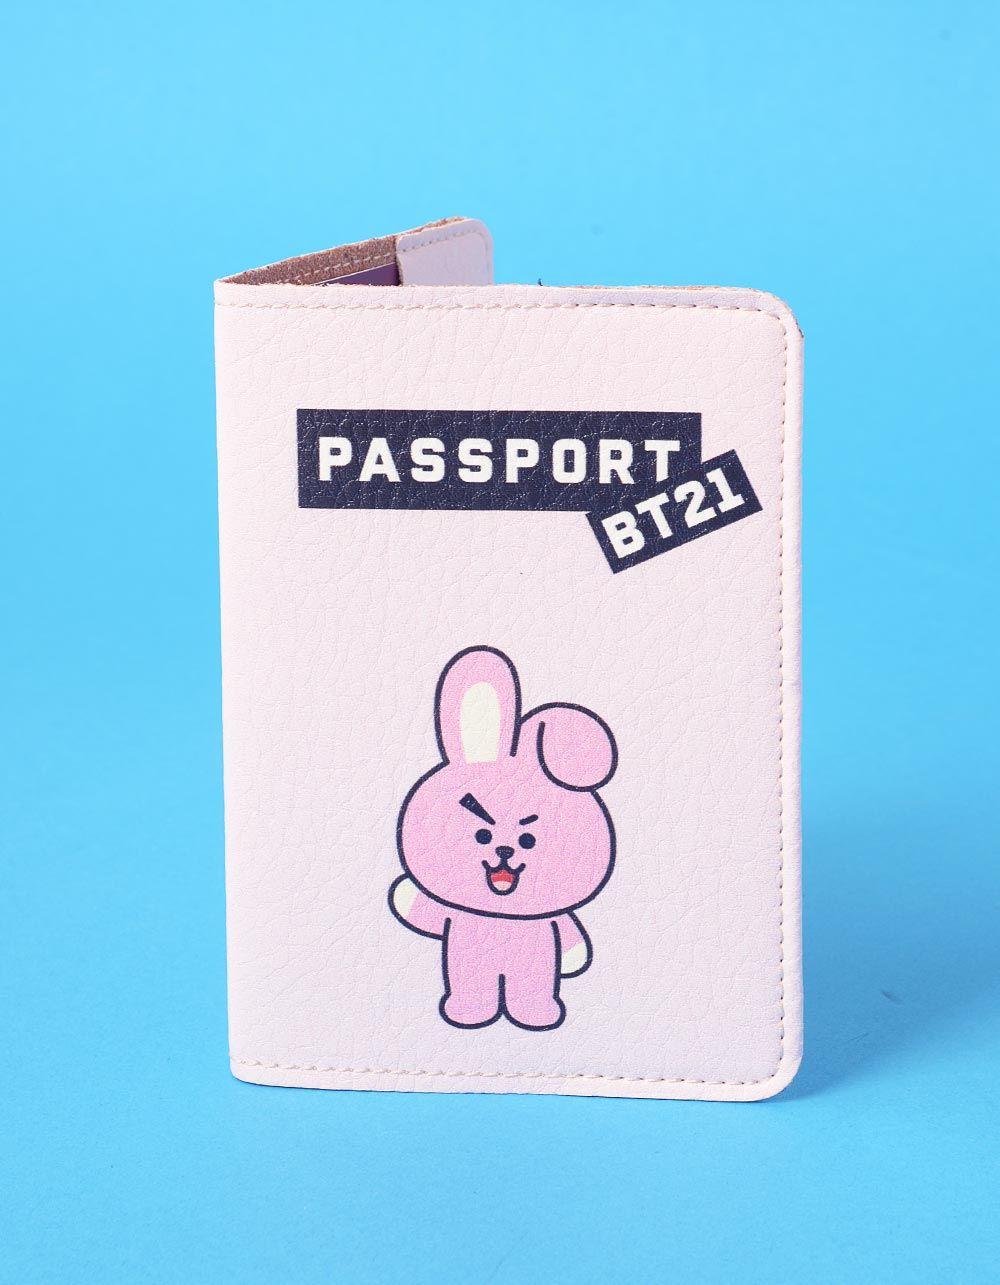 Обкладинка на паспорт з принтом bts bt21 COOKY ЧОНГУК   237000-14-XX
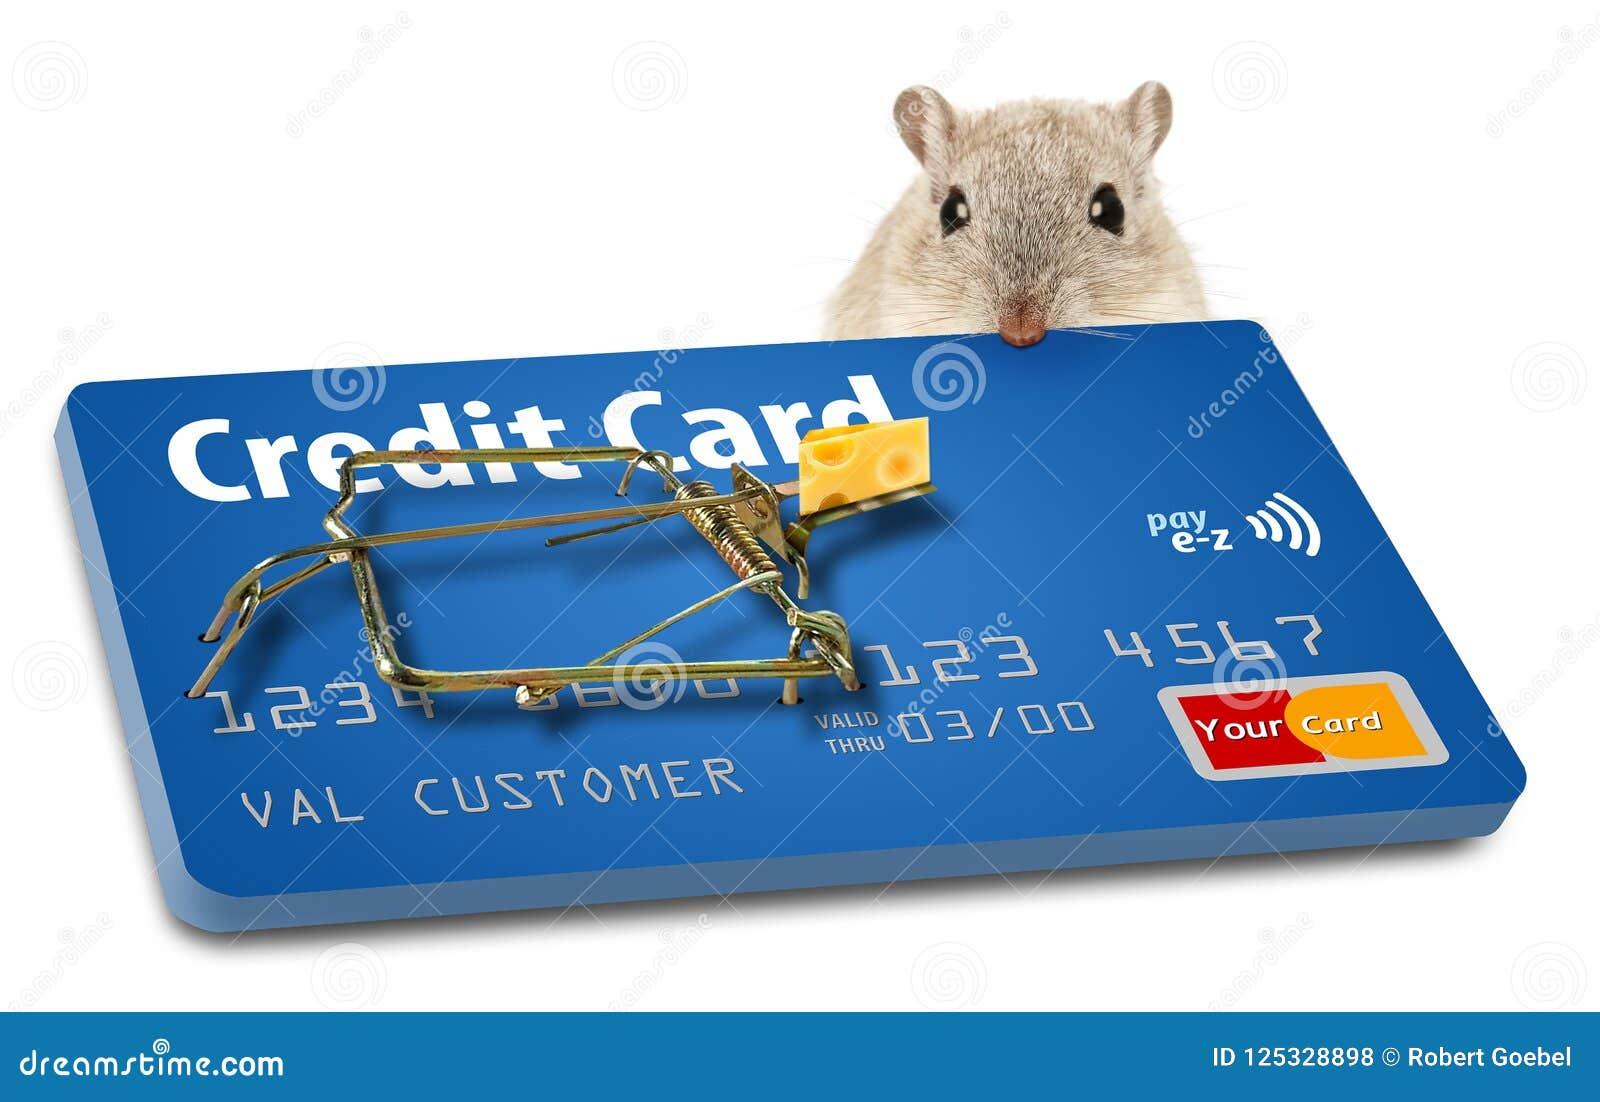 Undvik kreditkortfällor En agnad råttfälla gör denna punkt
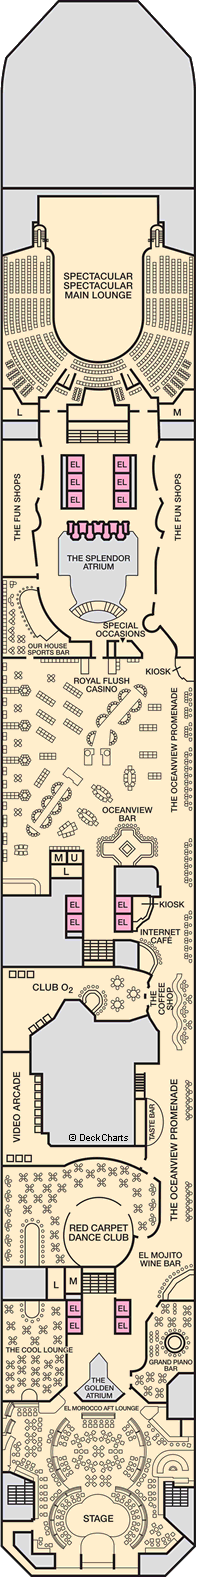 Carnival Splendor: Promenade Deck
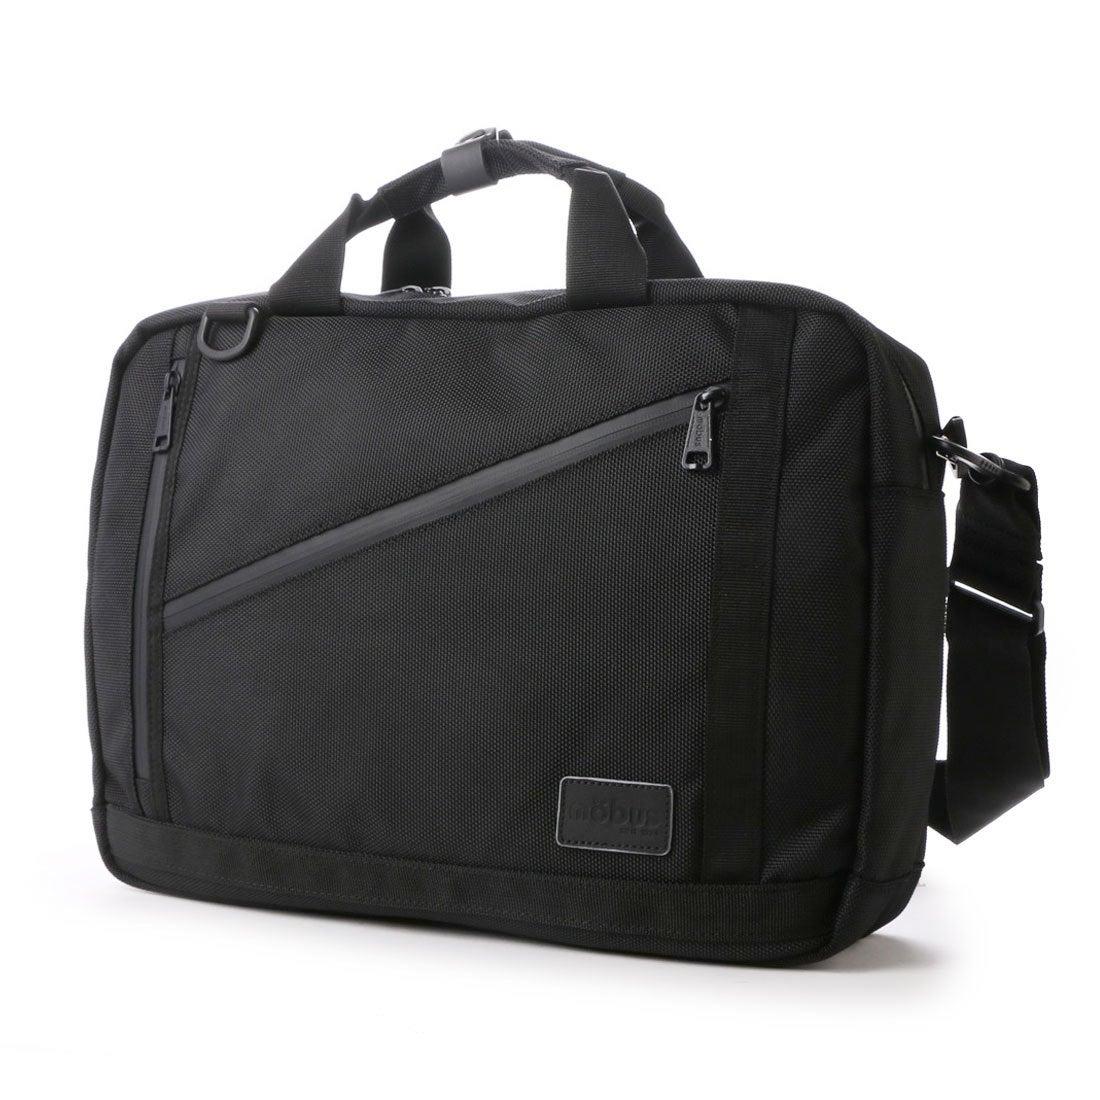 97cf73551411 モーブス mobus 3WAYビジネスブリーフバッグ (ブラック) -靴&ファッション通販 ロコンド〜自宅で試着、気軽に返品
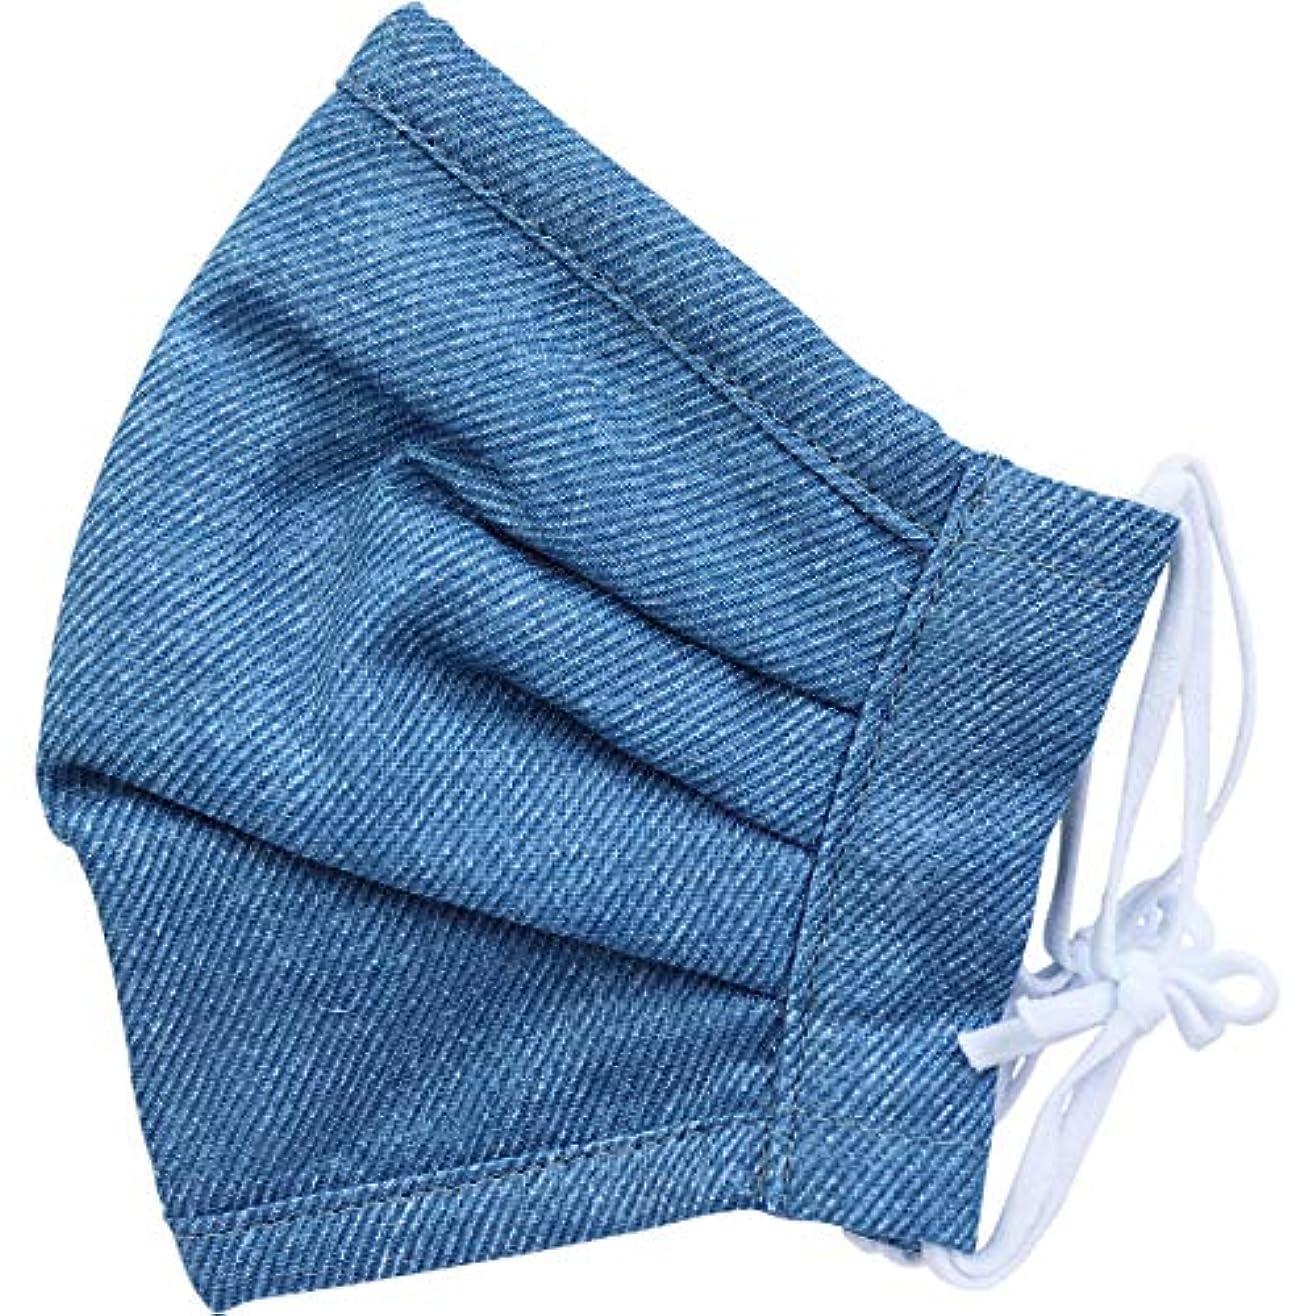 補充やりがいのある策定するさらふわマスクダイヤドビー 敏感肌用 デニムブルー 少し大きめサイズ 1枚入×5個セット

+===+

:: Description of the task ::
Print, please, exactly the lines from the one holding "Undvik kreditkortfällor En" through the final line of the data, both included, while leaving out each picture.

:: Response to this exercise ::
 Undvik kreditkortfällor En agnad råttfälla gör denna punkt
 Carnival Splendor: Promenade Deck
 97cf73551411 モーブス mobus 3WAYビジネスブリーフバッグ (ブラック) -靴&ファッション通販 ロコンド〜自宅で試着、気軽に返品
 補充やりがいのある策定するさらふわマスクダイヤドビー 敏感肌用 デニムブルー 少し大きめサイズ 1枚入×5個セット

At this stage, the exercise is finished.